Я рассказал ему все мое дело и увидел, что он готов хоть сейчас.

— Оставим в стороне смертоубийство, — сказал я. — Это дело пустяковое и мелкое. Сделали ли вы что-нибудь более ценное в области плутовства и разбоя, на что вы могли бы указать — с гордостью или без гордости, — дабы я знал, что вы подходящий для меня компаньон?

— Как? — говорит он и растягивает по-южному каждое слово. — Разве вам никто не говорил обо мне? Во всем Синегорье нет ни одного человека, ни белого, ни чернокожего, который мог бы с такой ловкостью украсть поросенка без всякого шума, не видно, не слышно, и при этом ускользнуть от погони. Я могу выкрасть свинью из хлева, из-под навеса, из-за корыта, из леса, днем и ночью, как угодно, откуда угодно и ручаюсь, что никто не услышит ни визга, ни хрюканья. Вся штука в том, как ухватить свинью и как нести ее. Я надеюсь, — продолжает этот благородный опустошитель свинарников, — что близко то время, когда я буду признан мировым чемпионом свинокрадства.

— Честолюбие — похвальная черта, — говорю я, — и здесь, в глуши, свинокрадство — почтенная профессия; но там, в большом свете, за границами этого узкого круга, ваша специальность, мистер Татам, покажется провинциально вульгарной. Впрочем, она свидетельствует о вашем таланте. Я беру вас себе в компаньоны. Капитала у меня тысяча долларов, и, пользуясь вашей простецкой деревенской наружностью, мы, я надеюсь, заработаем на денежном рынке несколько привилегированных акций «Прости навек».

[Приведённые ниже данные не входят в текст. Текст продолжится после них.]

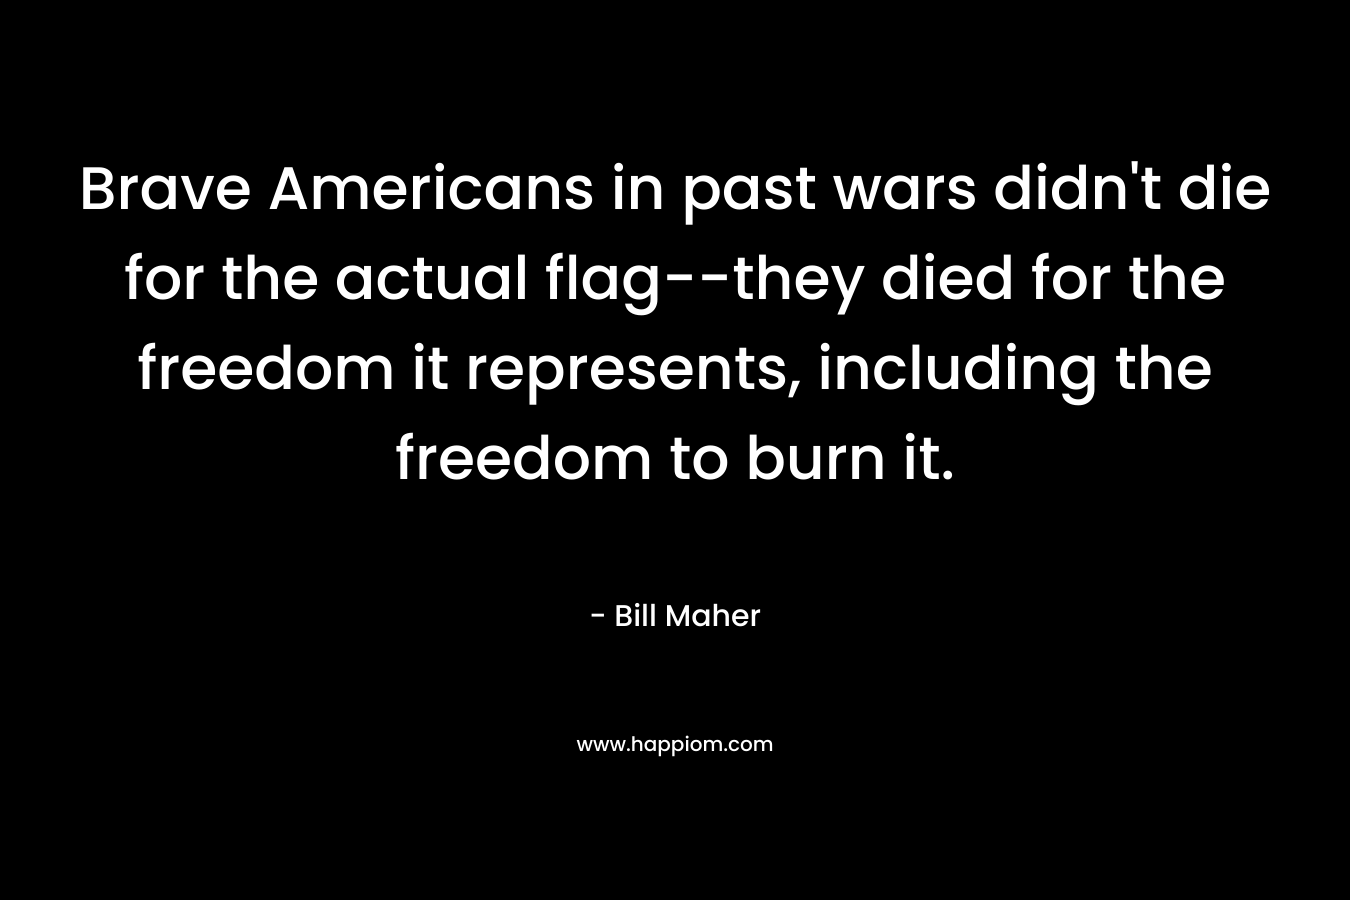 Brave Americans in past wars didn't die for the actual flag--they died for the freedom it represents, including the freedom to burn it.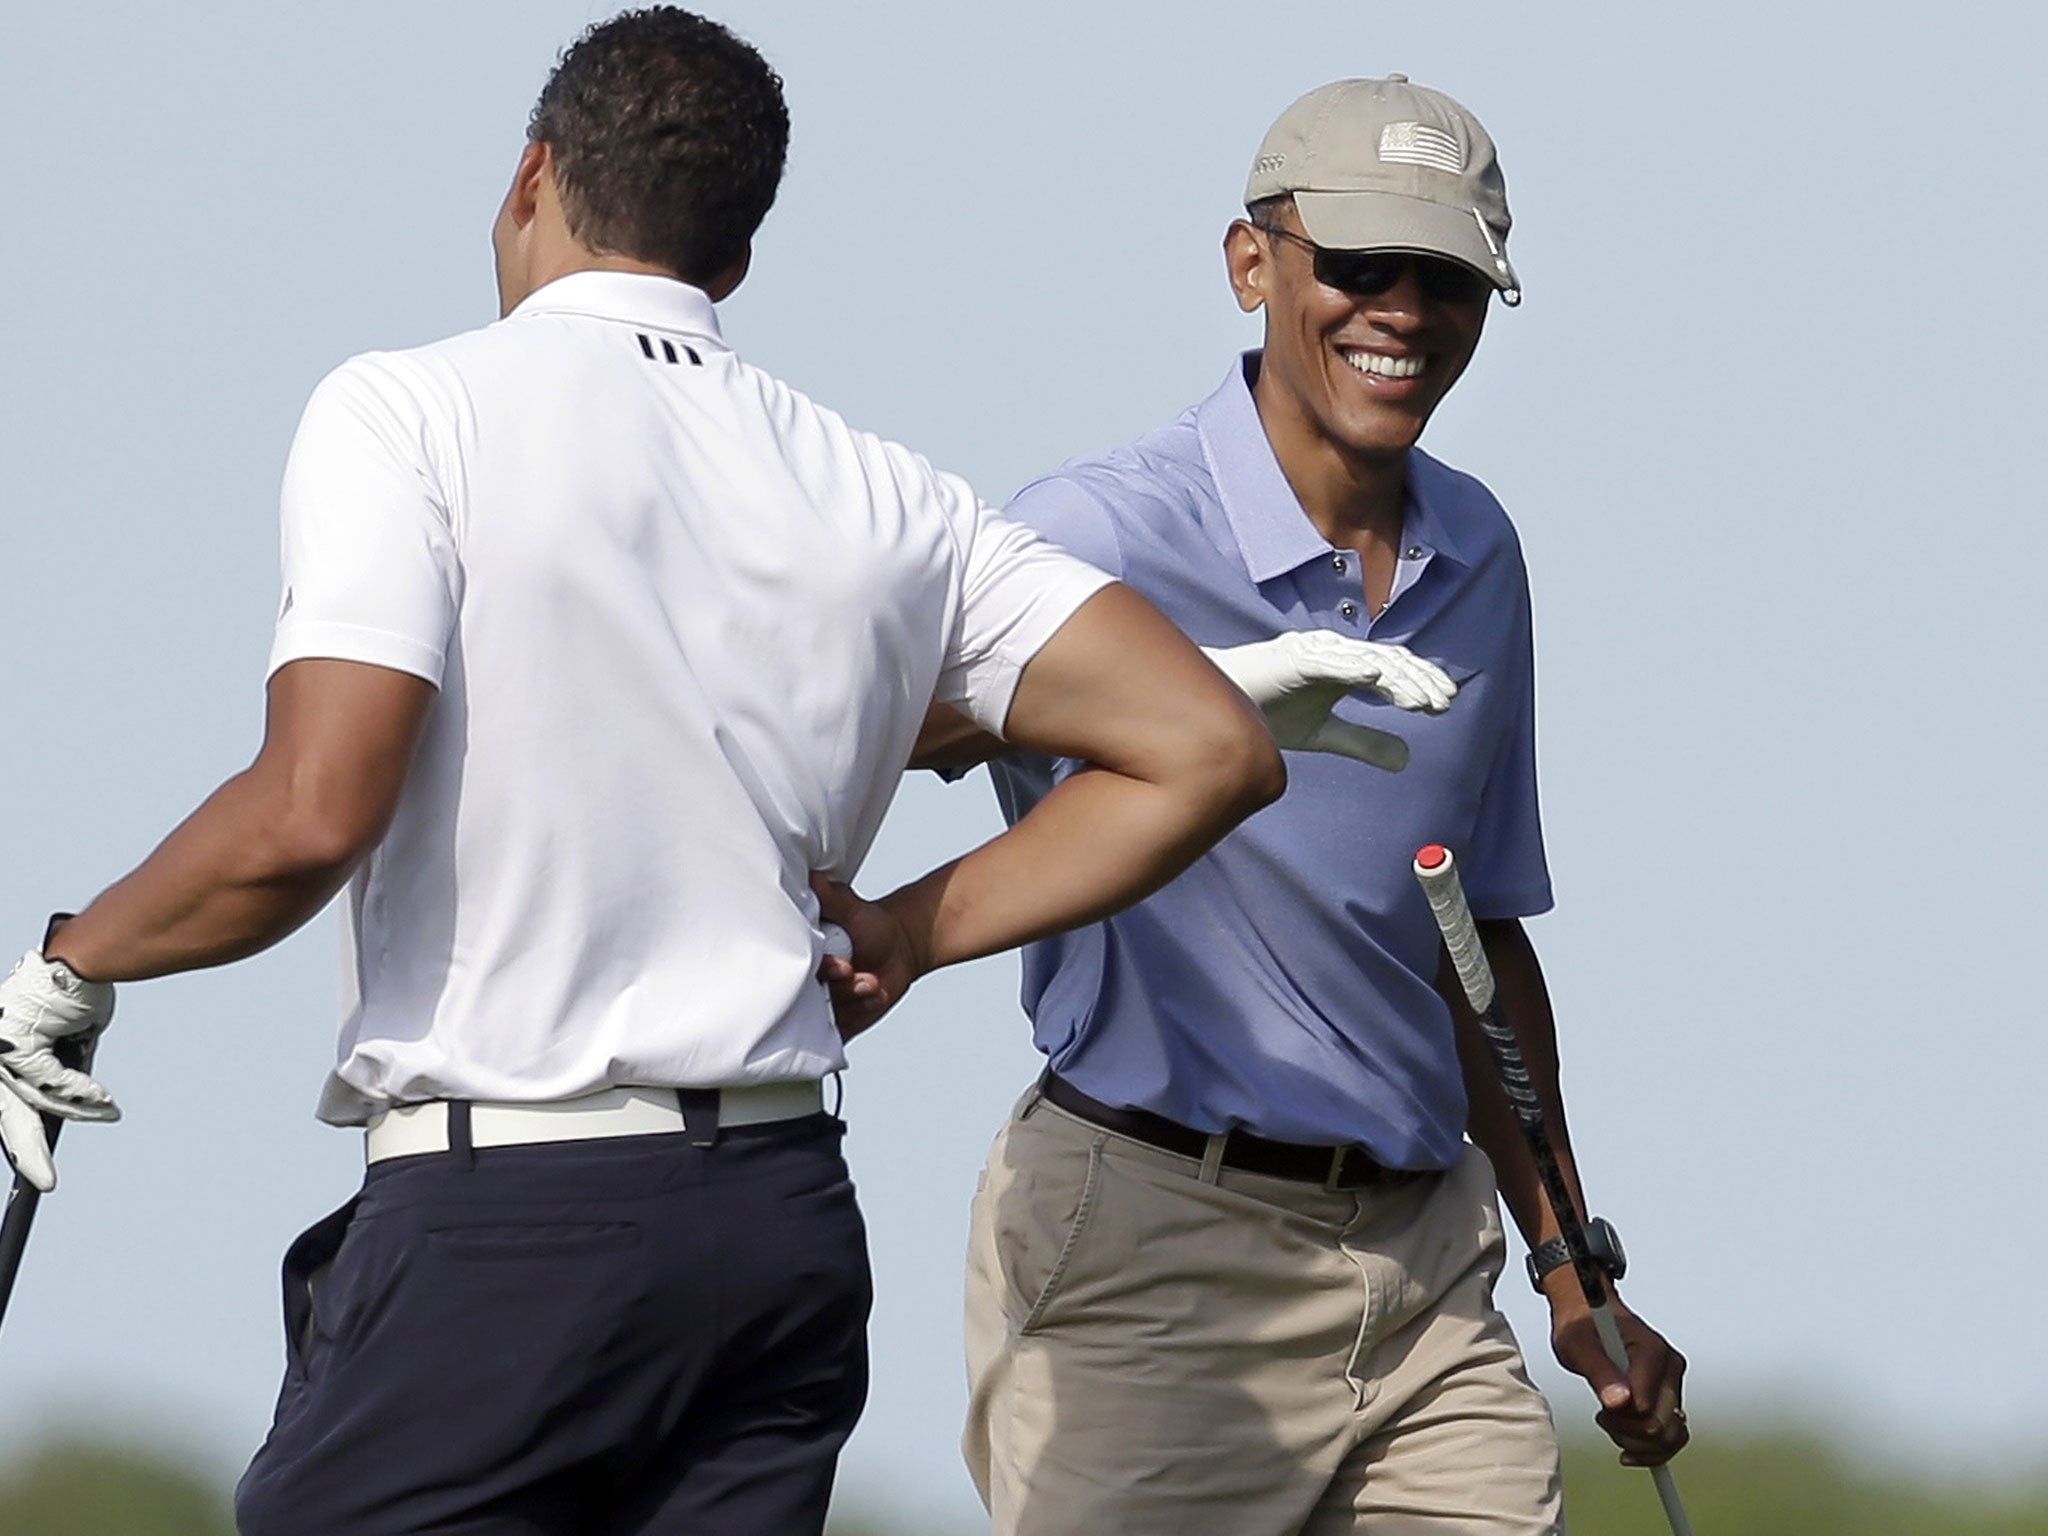 President Barack Obama, right, smiles as he gives a pat on the arm to Cyrus Walker, left, cousin of White House senior adviser Valerie Jarrett, while golfing at Vineyard Golf Club, Tuesday, Aug. 12, 2014, in Edgartown, Mass., on the island of Martha's Vin

И вот я ангажировал Руфа, и мы покинули Маунт-Нэбо и спустились с гор на равнину, и всю дорогу я натаскивал его для той роли, которую он должен играть в задуманных мною беззаконных делах. Перед тем я два месяца проболтался без дела на Флоридском побережье, чувствовал себя превосходно, и в голове у меня было тесно от всяких затей и проектов.

Я предполагал, собственно, проложить борозду шириною в девять миль через весь фермерский район Среднего Запада, куда мы и держали путь. Но, доехав до Лексингтона, мы застали там цирк братьев Бинкли. По этой причине в город со всей округи собралась деревенщина и попирала самодельными сапожищами бельгийские торцы мостовой. Я никогда не пропускаю цирка без того, чтобы не закинуть удочку в чужие карманы и не разживиться кое-какой мелочишкой. Поэтому мы сняли две комнаты со столом неподалеку от цирка у одной благородной вдовы, которую звали миссис Пиви. Затем я повел Руфа в магазин готового платья и одел его с ног до головы джентльменом. Как я и предвидел, он стал весьма авантажен, когда мы со старым Мисфицким облекли его в новый наряд. Да, это был великолепный наряд: сукно голубенькое, в зеленую клетку, жилет — цвета дубленой кожи, галстук — пунцовый, а сапоги — самые желтые во всем городе.

Это был первый костюм, надетый Руфом за всю его жизнь. До сих пор он носил просто нанковую рубашку и домотканые штаны своего родного края. Ну уж и гордился он этим новым костюмом — как дикий Игоротт новым кольцом в носу.

В тот же вечер я направился к цирку и открыл поблизости игру «в скорлупки». Руф должен был изображать постороннего и играть против меня. Я дал ему горсть фальшивой монеты для ставок и оставил себе такую же горсть в специальном кармане, чтобы выплачивать его выигрыш. Нет, не то чтобы я не доверял ему: просто я не могу направлять шарик на проигрыш, когда вижу, что ставят настоящие деньги. Рука не поднимается, пальцы бастуют.

Я поставил столик и стал показывать, как легко угадать, под какой скорлупкой горошина. Неграмотные олухи собрались полукругом и стали подталкивать друг дружку локтями и подзадоривать друг дружку к игре. Тут-то и должен был выступить Руф — рискнуть какой-нибудь мелкой монетой и таким образом втянуть остальных. Но где же он? Его нет. Раз или два он мелькнул где-то вдали, я видел: стоит и пялит глаза на афиши, а рот у него набит леденцами. Но близко он так и не подошел.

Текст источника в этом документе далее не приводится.